### Requirement:
What is needed is an exact copy of the whole listing below, with no pictures.

### Data segment:
****

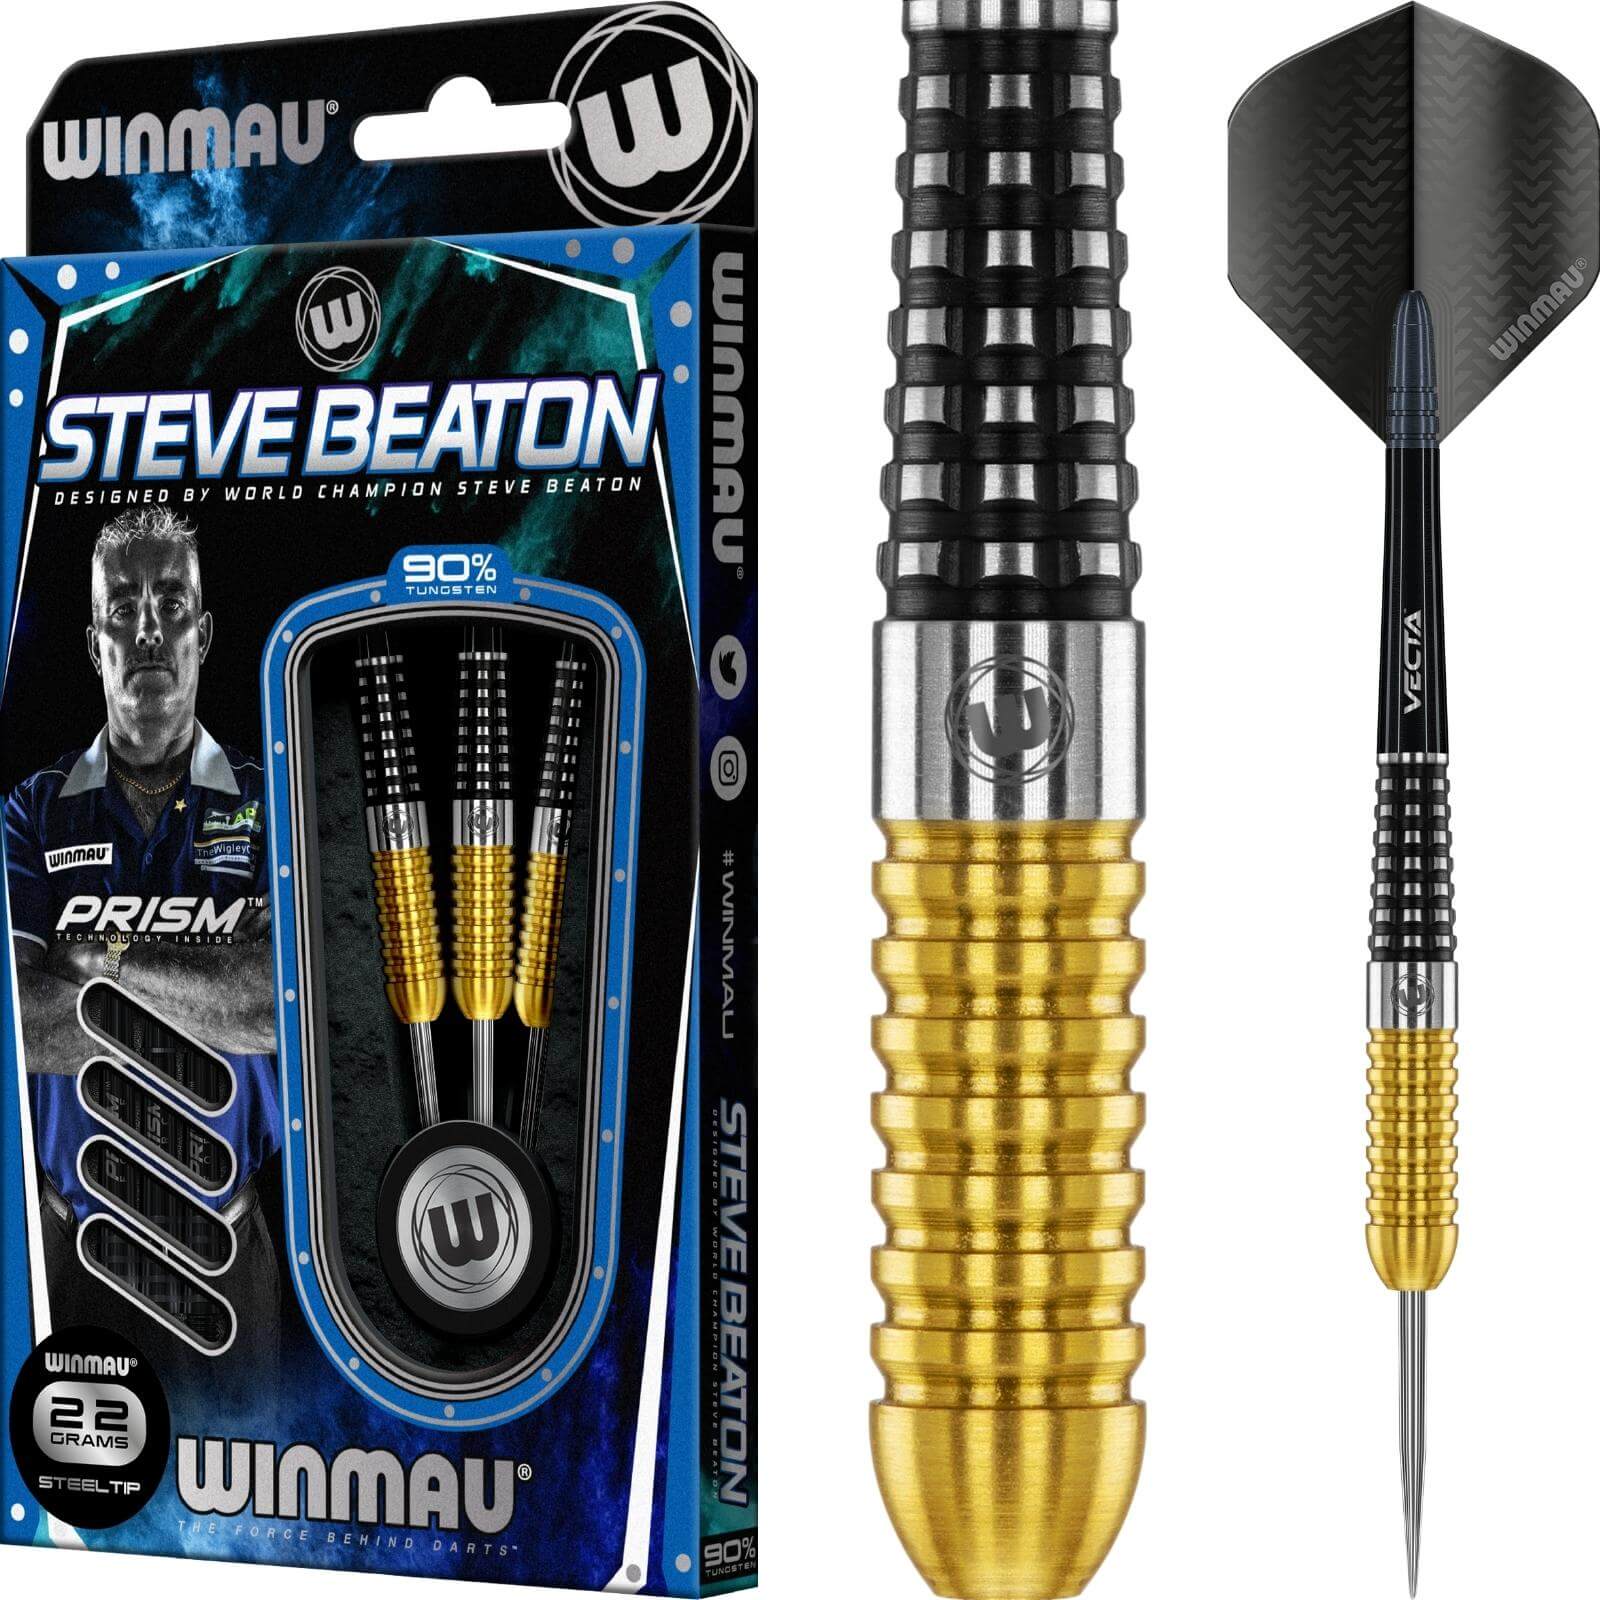 Darts - Winmau - Steve Beaton SE Darts - Steel Tip - 90% Tungsten - 22g 24g 
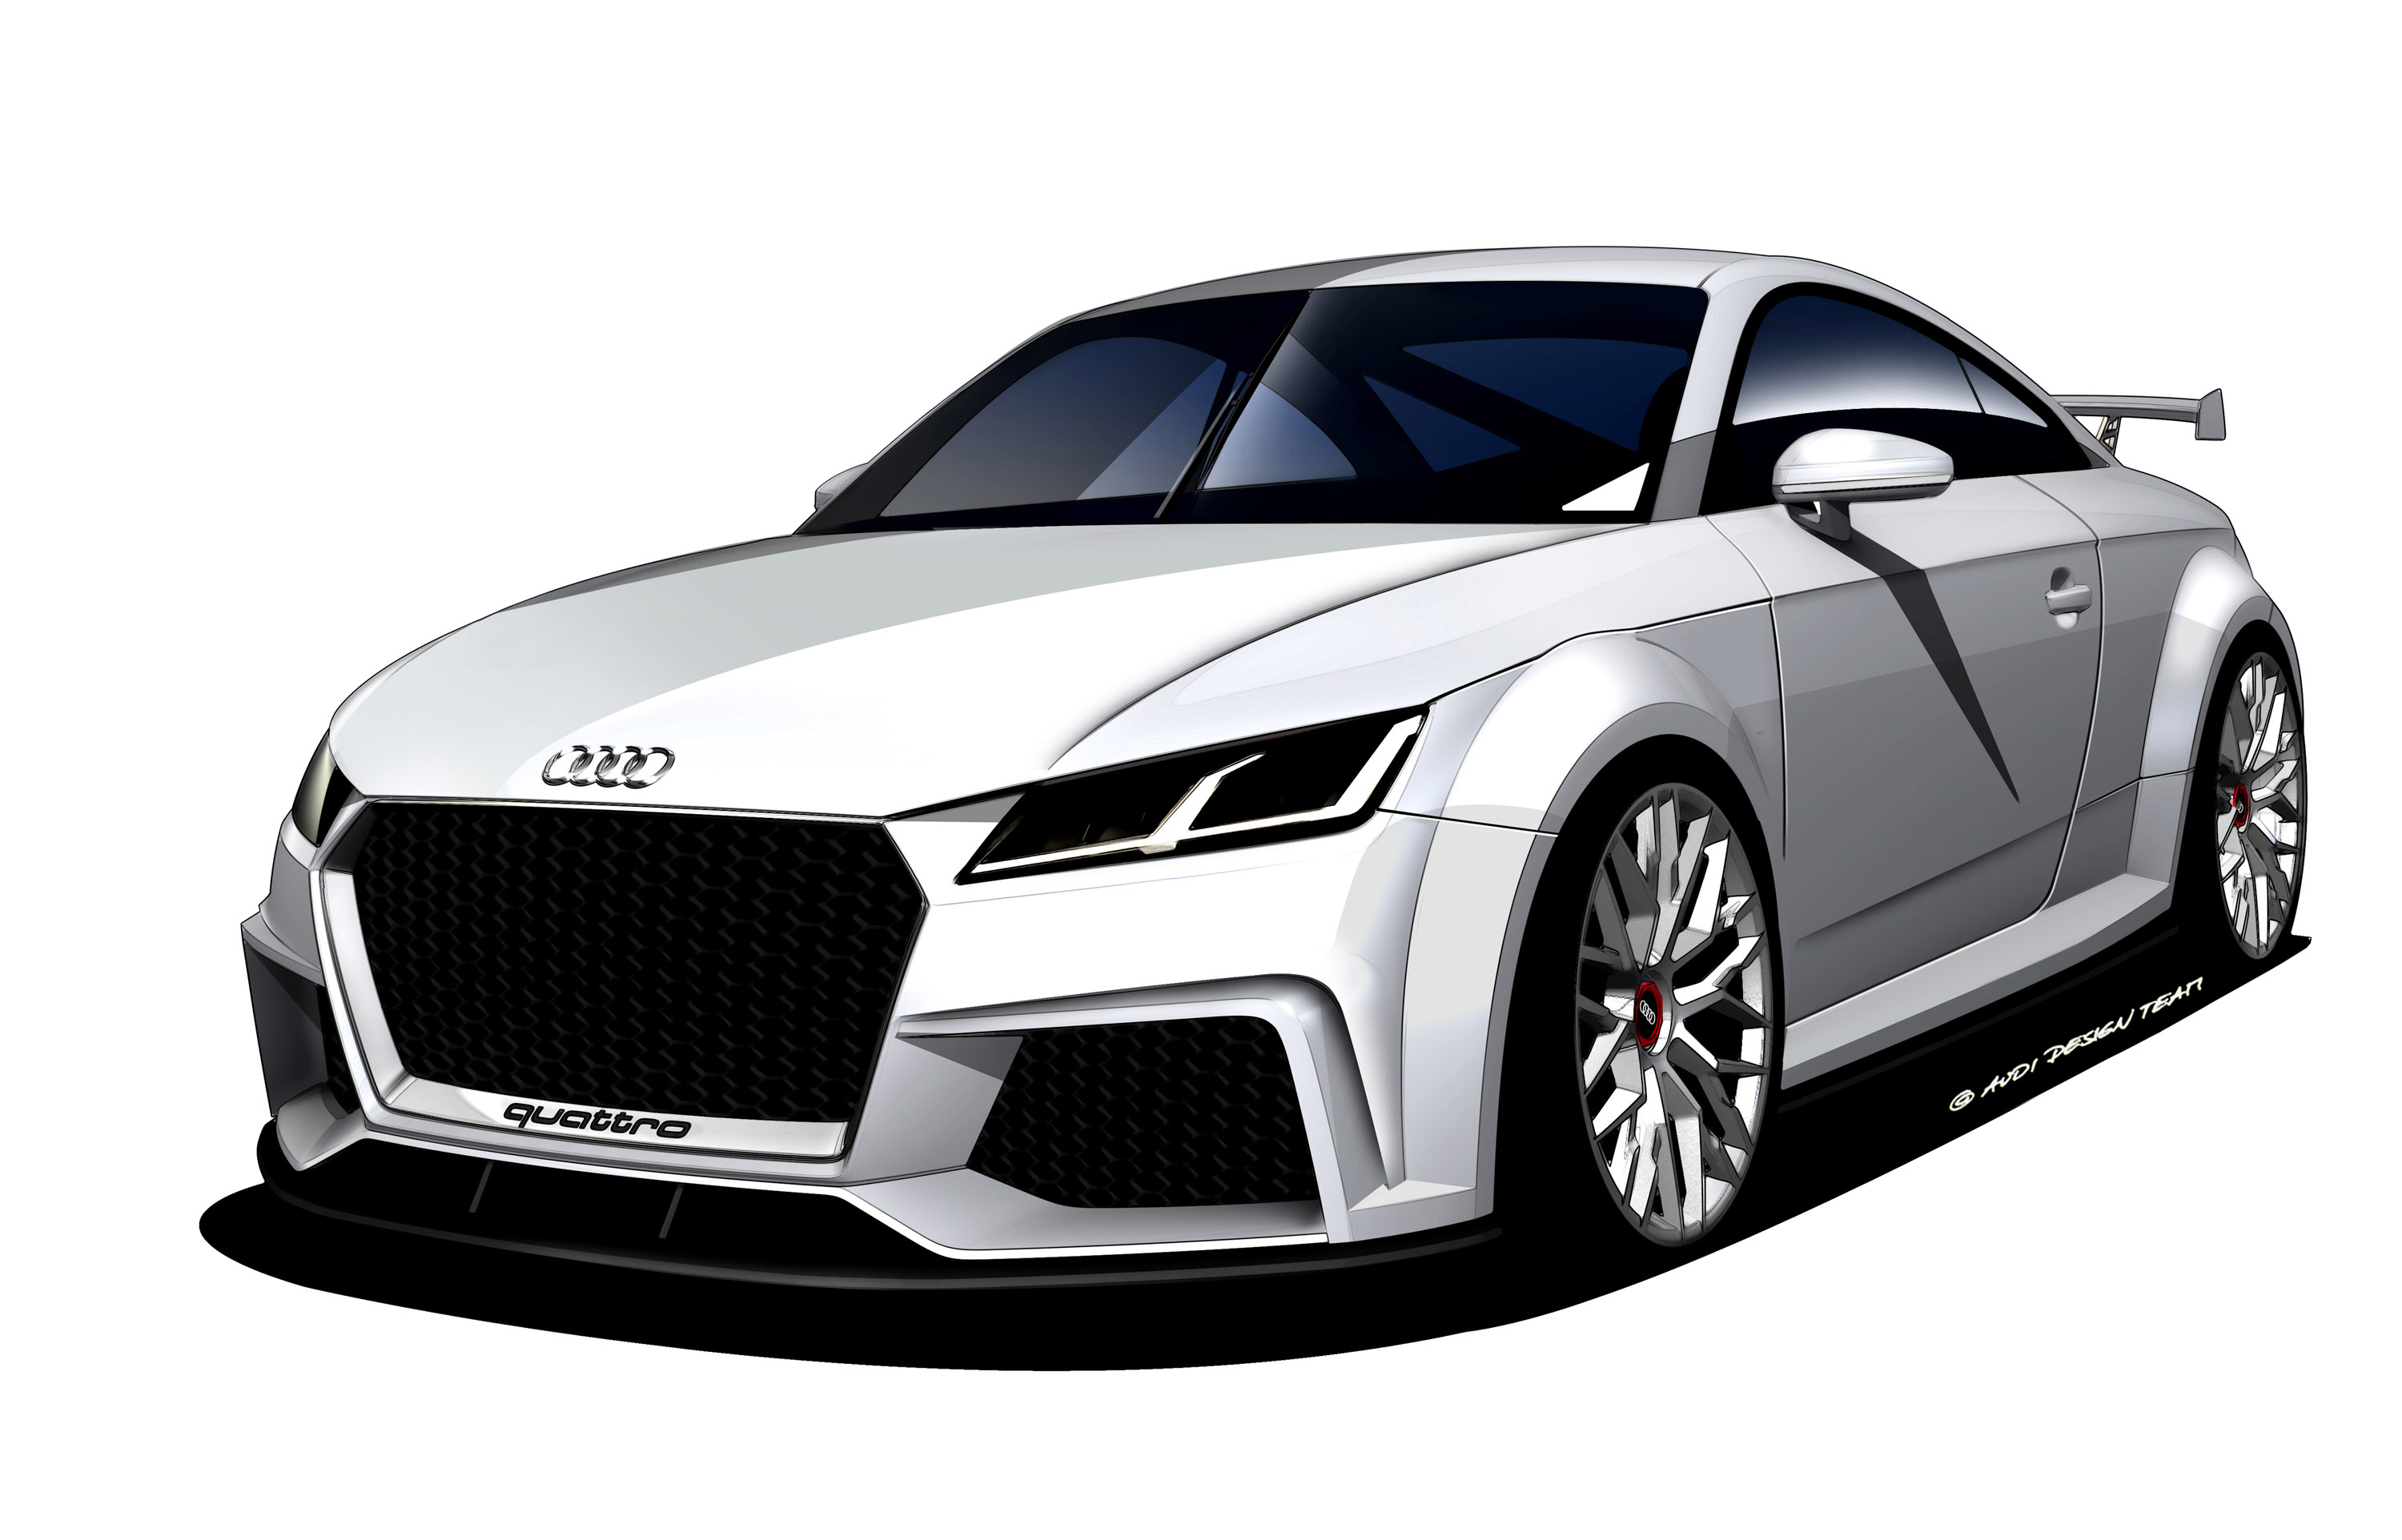 The Future Of Performance: The 2014 Audi TT Quattro Sport Concept
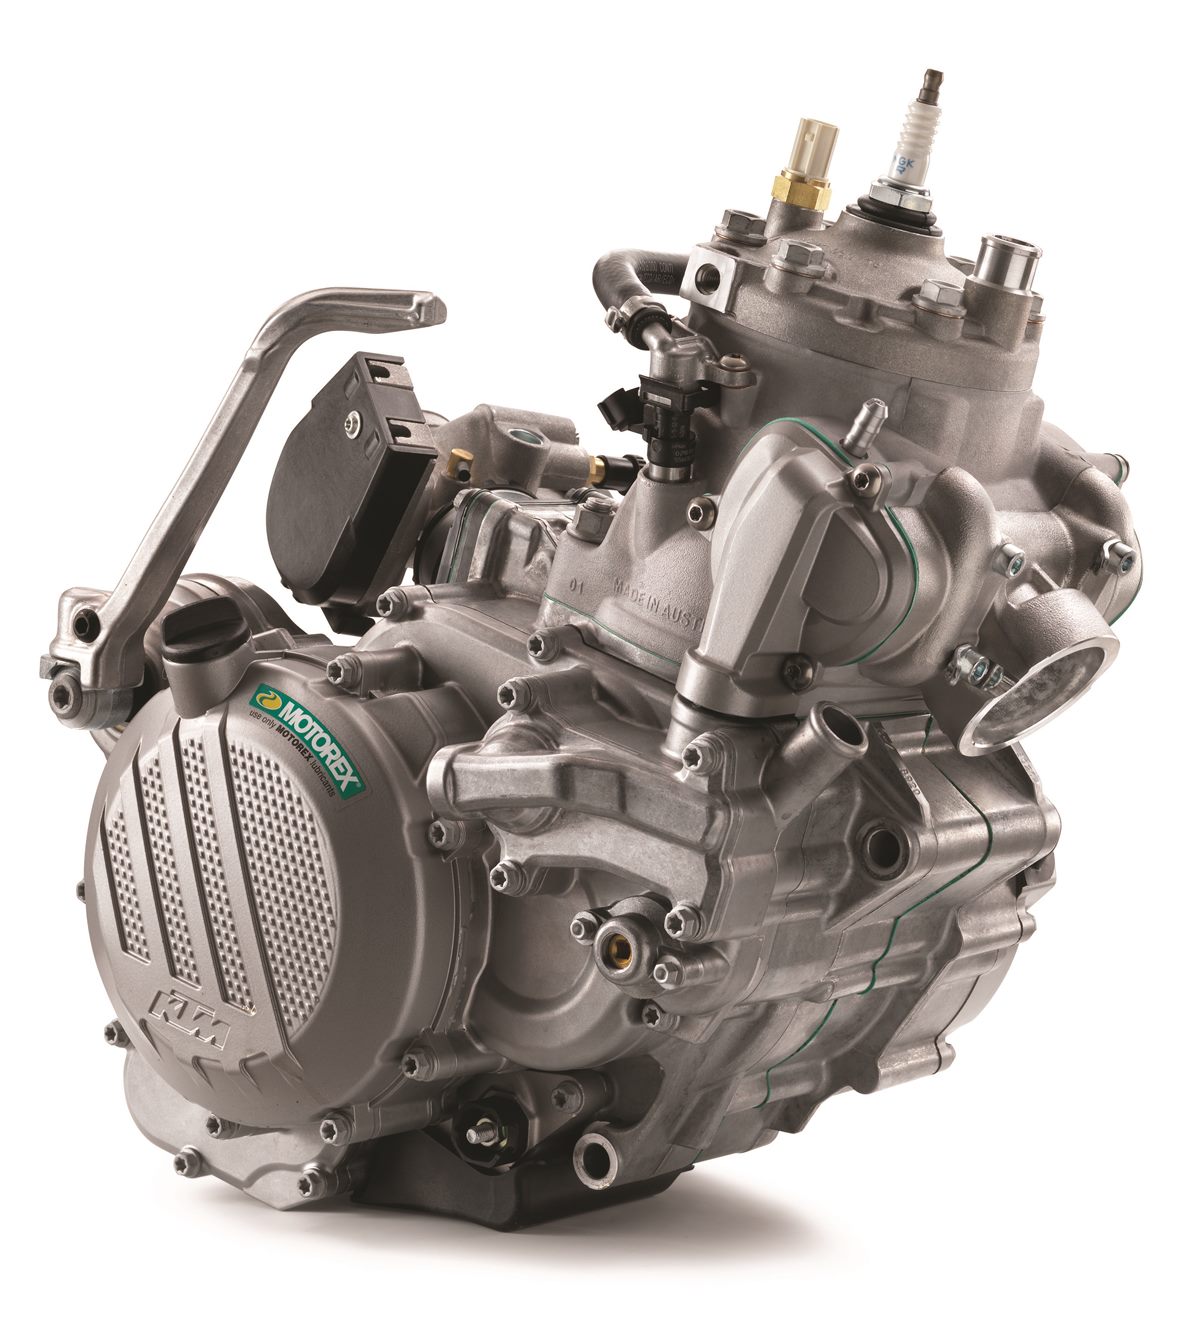 KTM 250_300 EXC TPI MY 2018 Engine
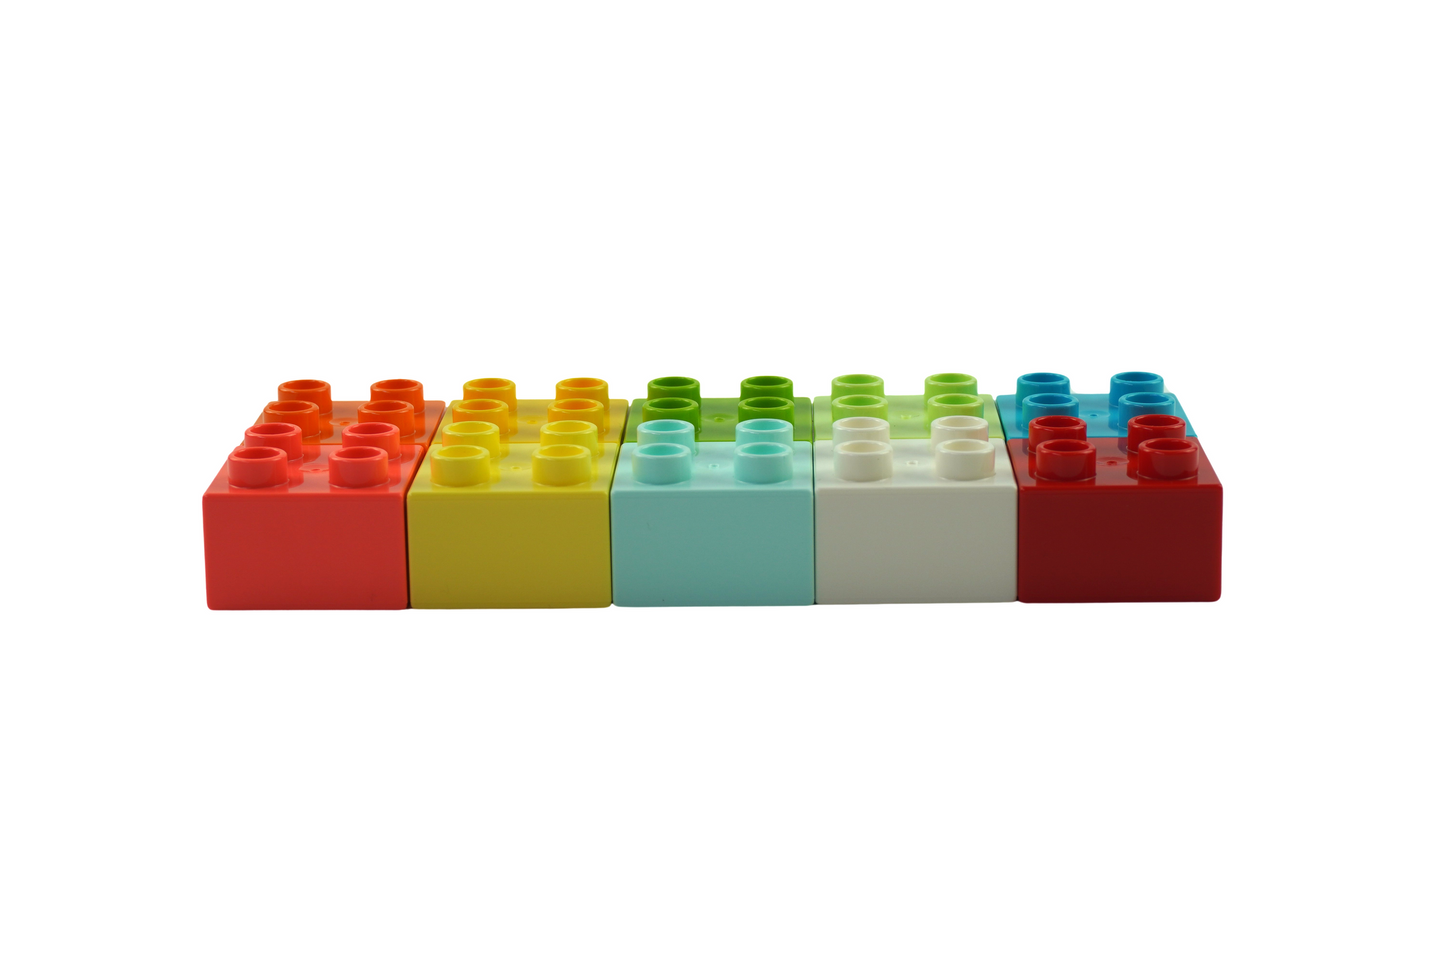 LEGO® DUPLO® 30 2x4 Steine und 100 2x2 Steine Bunt Gemischt - 3437 3011 NEU! Menge 130x

****

### Written solution:
 Darts - Winmau - Steve Beaton SE Darts - Steel Tip - 90% Tungsten - 22g 24g 
 The Future Of Performance: The 2014 Audi TT Quattro Sport Concept
 KTM 250_300 EXC TPI MY 2018 Engine
 LEGO® DUPLO® 30 2x4 Steine und 100 2x2 Steine Bunt Gemischt - 3437 3011 NEU! Menge 130x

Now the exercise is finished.